Anyone coming to Twisters primarily for the tornado action will likely enjoy the ride. But perhaps it’s the relative paucity of intimate scenes away from the storms’ path that gives both the characters and the actors’ performances limited scope.
Tyler’s crew is plenty colorful, comprised of videographer Boone (Brandon Perea), who approaches each weather event like an extreme-sports nut; thrill-seeking drone operator Lily (Sasha Lane); excitable science geek Dexter (Tunde Adebimpe); and Dani (Katy O’Brian), who serves as mechanic when not occupied with fist-pumping battle cries. But the group is more individualized by their looks than any substance written into their characters. The same goes for Harry Hadden-Paton as Ben, a London journalist profiling Tyler, who sheds his initial stiffness right on cue.
It’s almost as if someone decided not to have any of the humans compete with the mighty forces of nature for attention. That goes for everyone, including Edgar-Jones’ earnest, compassionate and, sorry, slightly dull Kate; Ramos’ gullible entrepreneur, Javi; and Powell’s Tyler, despite his megawatt movie-star smile and hair that looks good even in 300 mph winds. Theirs is a romantic triangle sketched only in a flimsy outline.
What’s considerably more robust are the tornadoes. Twenty-eight years of FX technological advances give the storms more definition and visual sophistication than the sequel’s progenitor. The most notable is a glowering destroyer that gathers steam during an evening rodeo, clobbering the grandstand and nearby motel almost without warning. The monumental final tornado also delivers on spectacle, ripping up a folksy town with a tram running through its Main Street farmers’ market and an old movie palace screening James Whale’s Frankenstein, where people huddle for short-lived shelter.
But no one ever answers the nagging question of why all these people living in an area regularly hammered by tornadoes never seem to have a basement or storm cellar to flee to. Except for the fact the movie’s formula is built around humans in peril, which tends not to work so well if you don’t expose them to nature’s fury.

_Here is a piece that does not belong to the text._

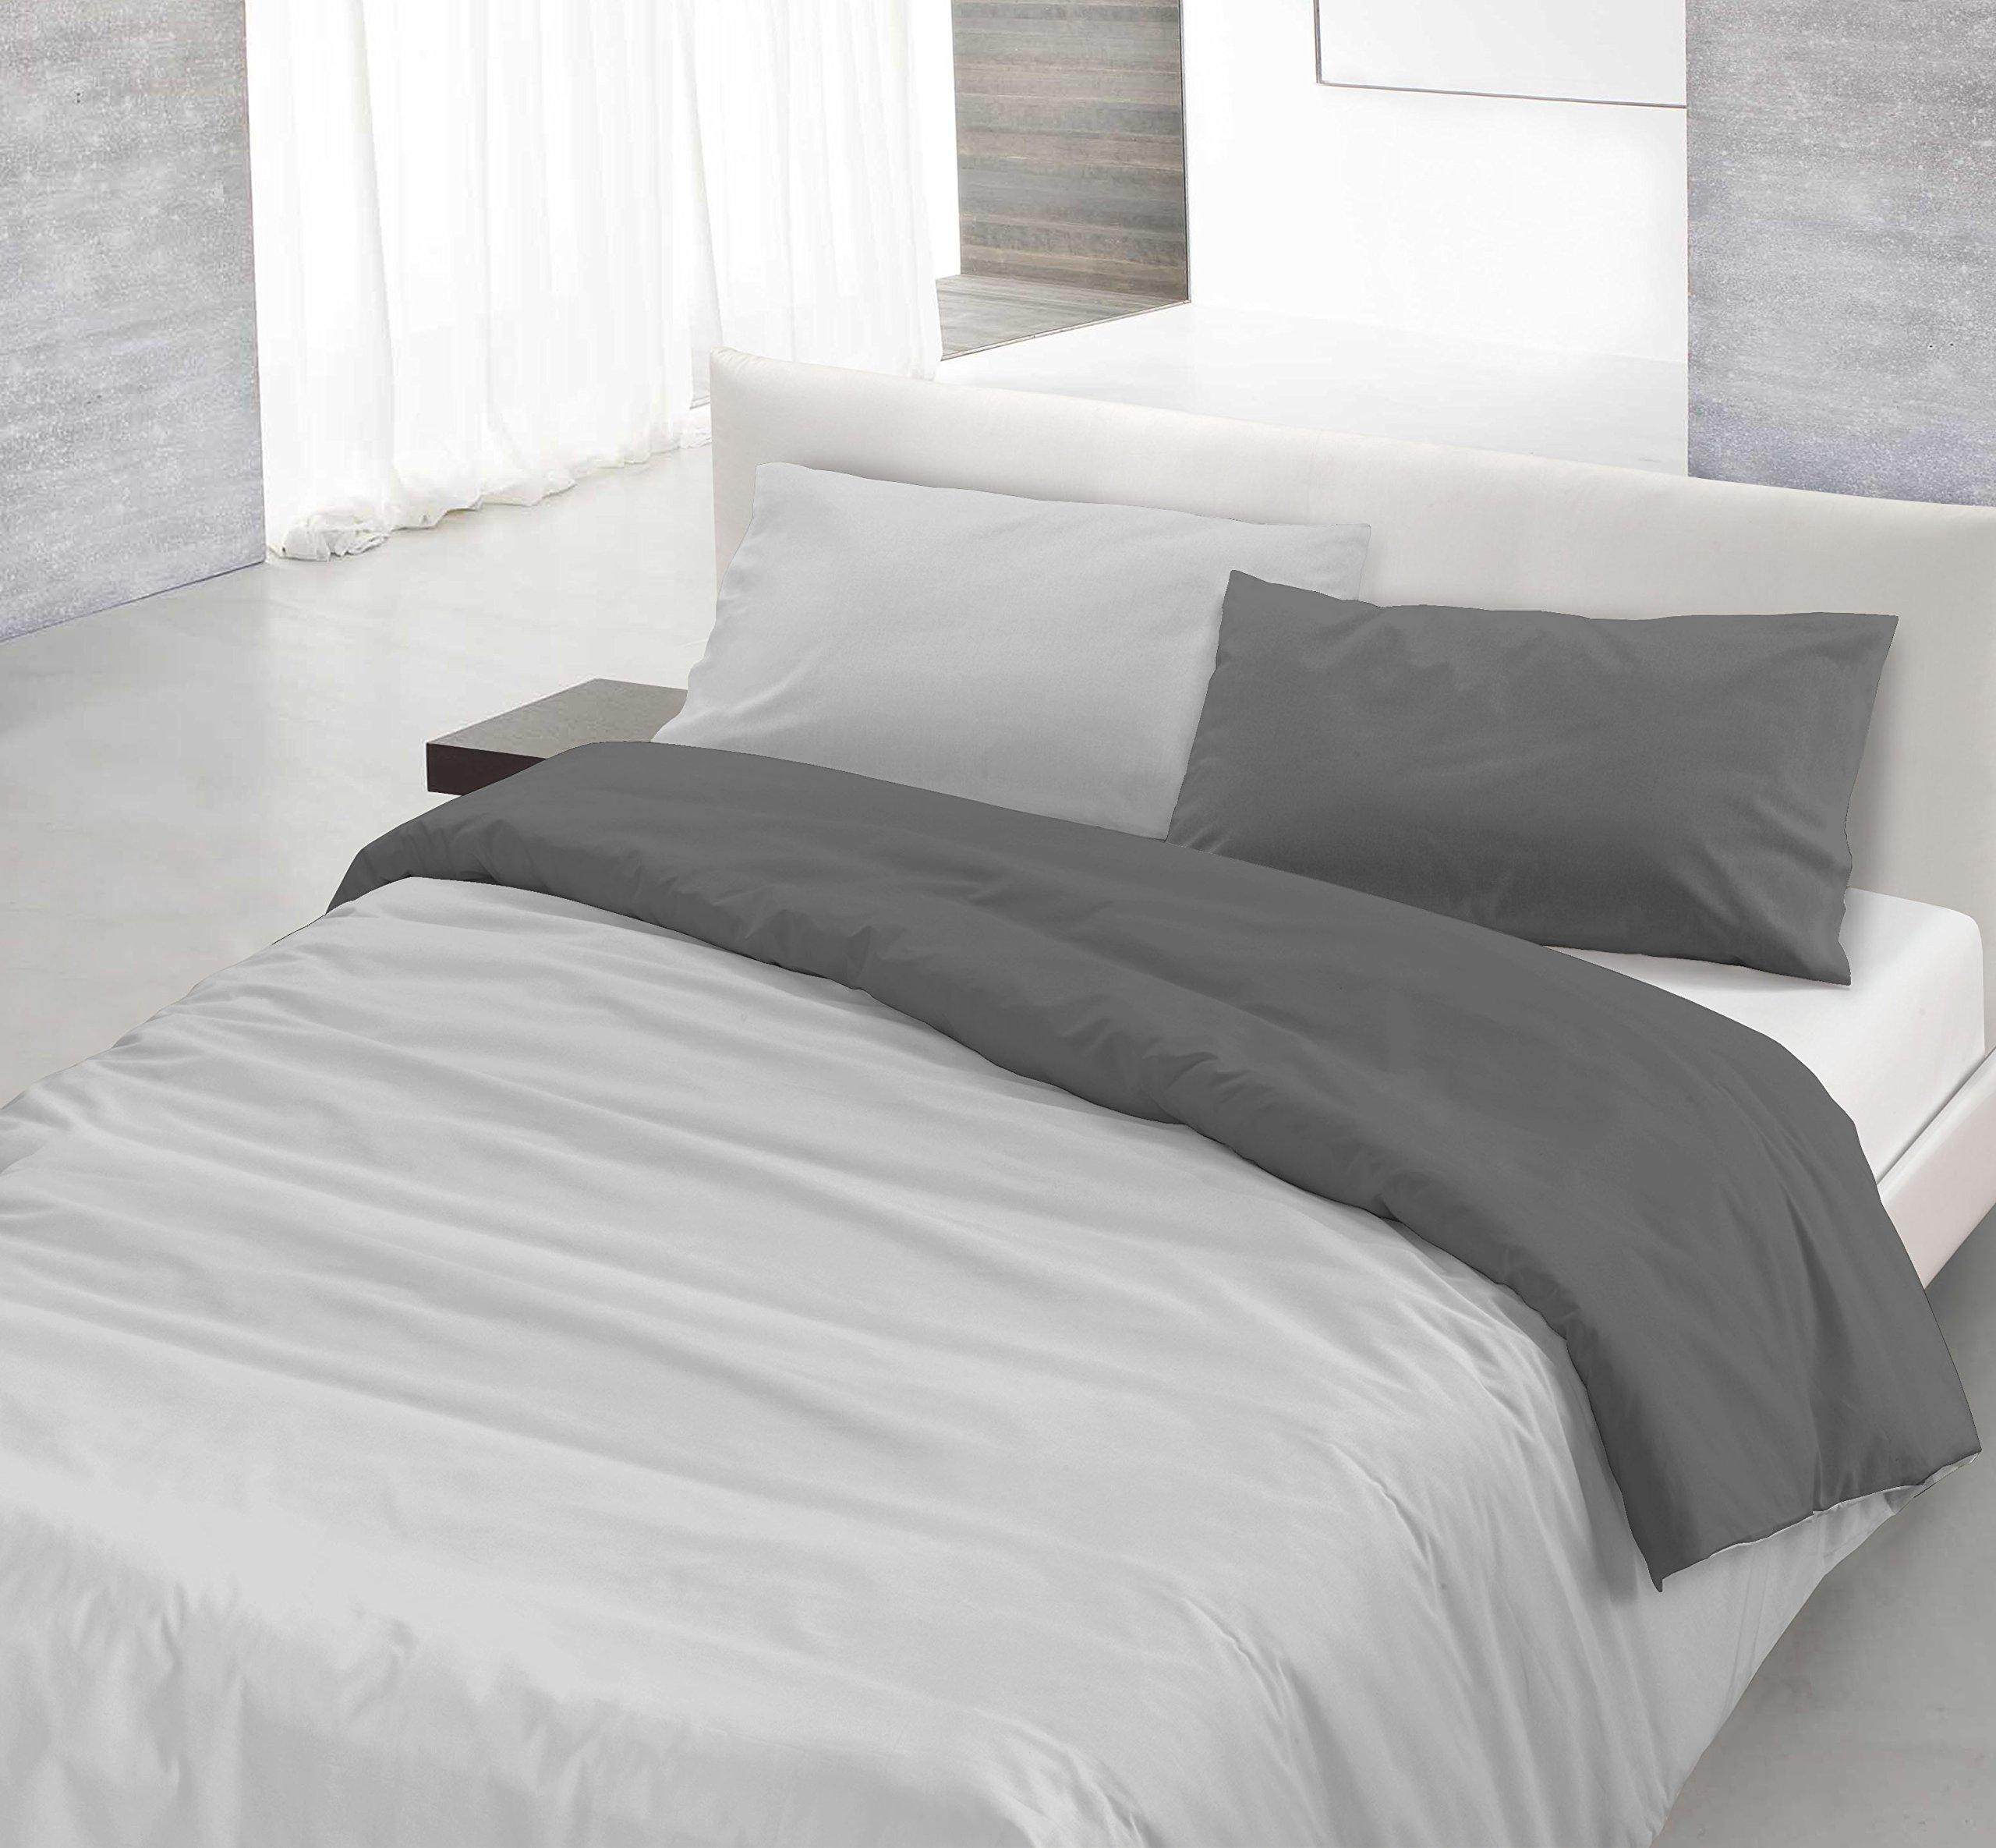 Copripiumino Natura.Italian Bed Linen Natural Color Parure Copripiumino Con Sacco E
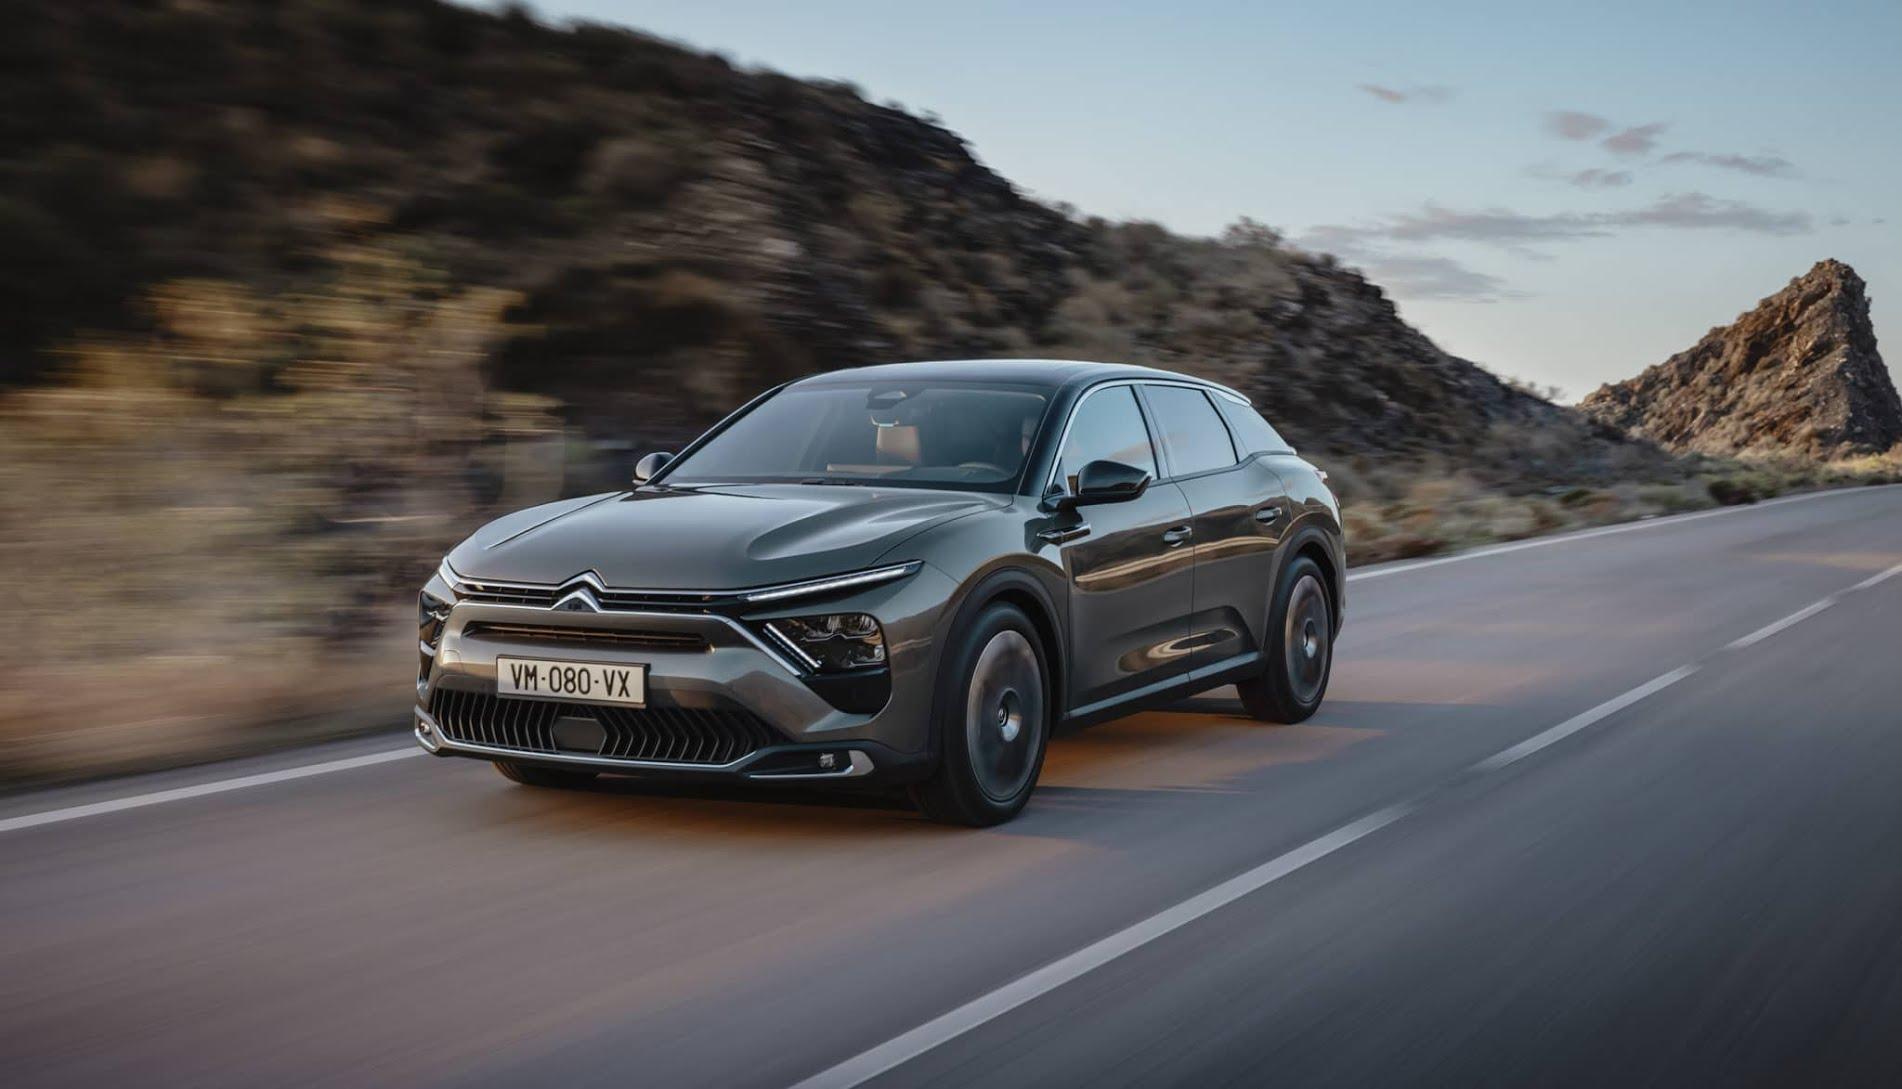 La Citroën C5 X : Une voiture à la pointe de la technologie et du confort

Chung and DP Dan Mindel take full advantage of the rural Oklahoma locations’ wide-open spaces to give Twisters a vivid sense of place with roots in another time, grounded as much in the architecture as the landscapes. That aspect is enhanced also by a soundtrack of original country songs by contemporary artists (plus a cover or two, including Charley Crockett doing “Ghost Riders in the Sky”), threaded in with Benjamin Wallfisch’s score.
Whatever the film’s strengths or weaknesses, it benefits from what seems like genuine love for this environment, in which the modern world collides with vintage Americana. The attention shown to shattered townships in the aftermath of storms suggests both the old-fashioned values of community solidarity and the increasingly urgent need to stop abusing nature before it consumes us.